▶ [Work required]: Write out the data word for word and drop any picture you find.

▶ [Supplied material]:
□ □ □ □ □

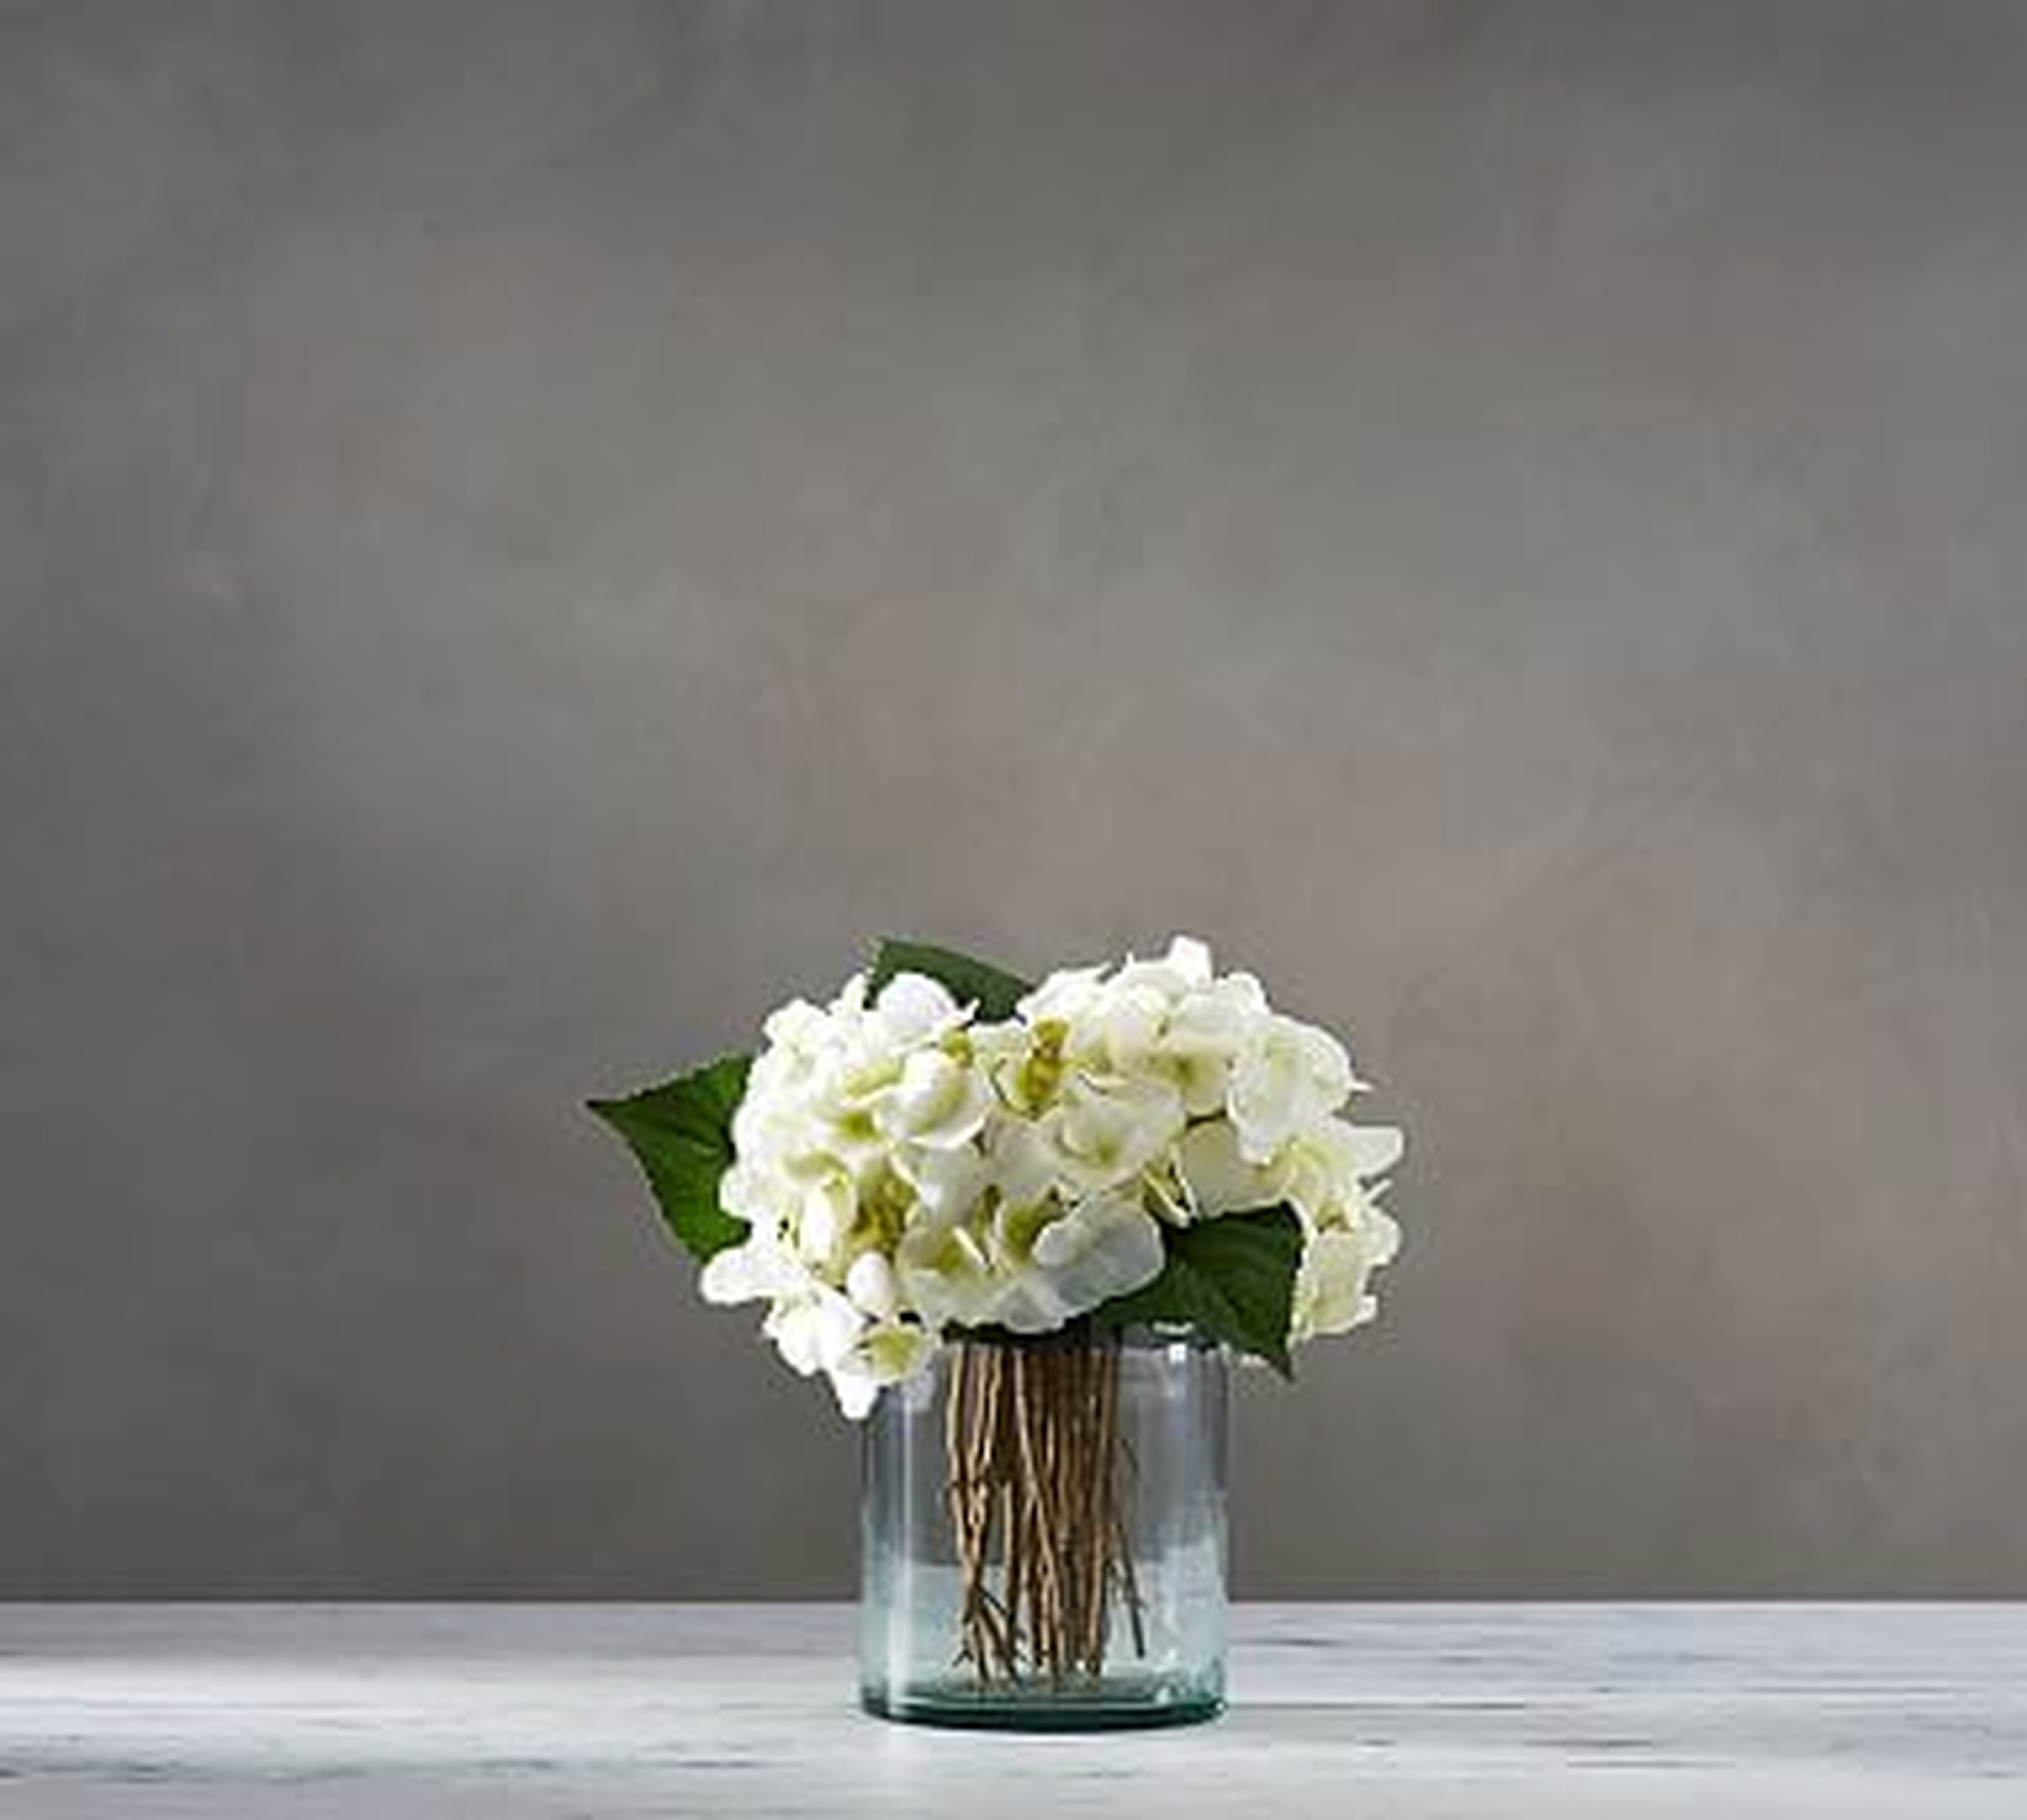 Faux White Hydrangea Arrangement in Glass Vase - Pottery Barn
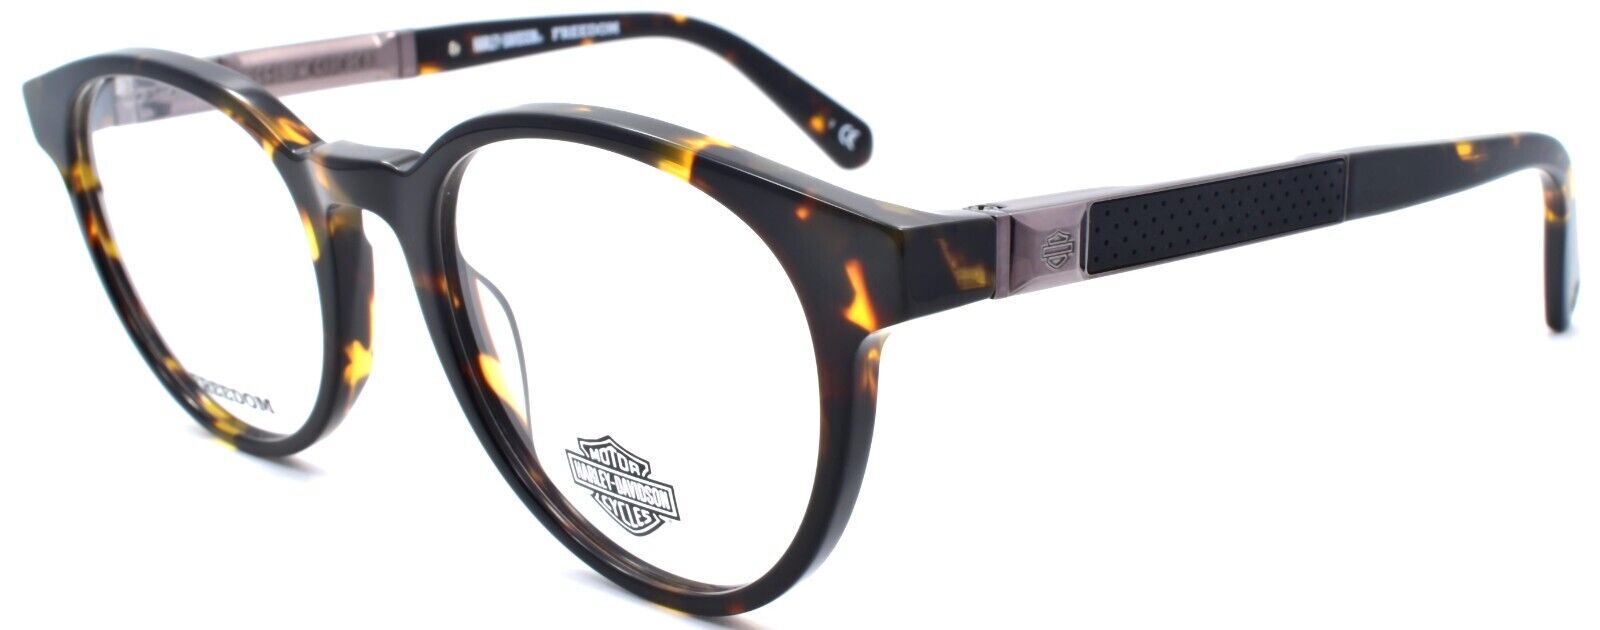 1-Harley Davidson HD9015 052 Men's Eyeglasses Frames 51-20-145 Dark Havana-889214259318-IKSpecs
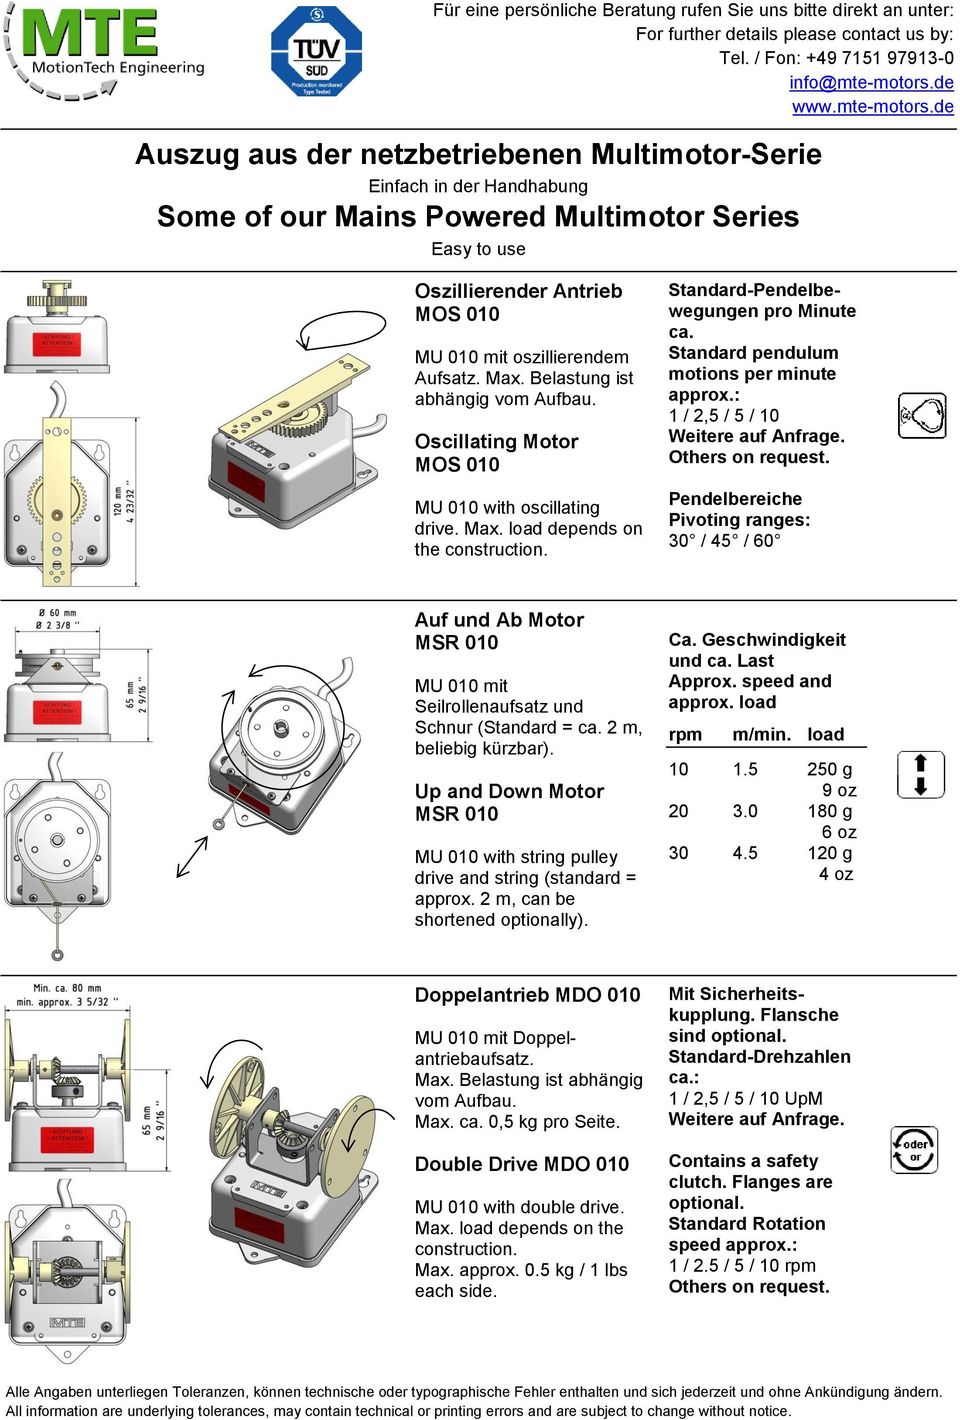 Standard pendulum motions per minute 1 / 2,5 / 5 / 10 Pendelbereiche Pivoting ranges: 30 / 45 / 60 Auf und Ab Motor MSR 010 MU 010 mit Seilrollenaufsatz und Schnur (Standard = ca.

□ □ □ □ □

▶ [Output of the task]:
 Faux White Hydrangea Arrangement in Glass Vase - Pottery Barn
 1-Harley Davidson HD9015 052 Men's Eyeglasses Frames 51-20-145 Dark Havana-889214259318-IKSpecs
 Standard pendulum motions per minute 1 / 2,5 / 5 / 10 Pendelbereiche Pivoting ranges: 30 / 45 / 60 Auf und Ab Motor MSR 010 MU 010 mit Seilrollenaufsatz und Schnur (Standard = ca.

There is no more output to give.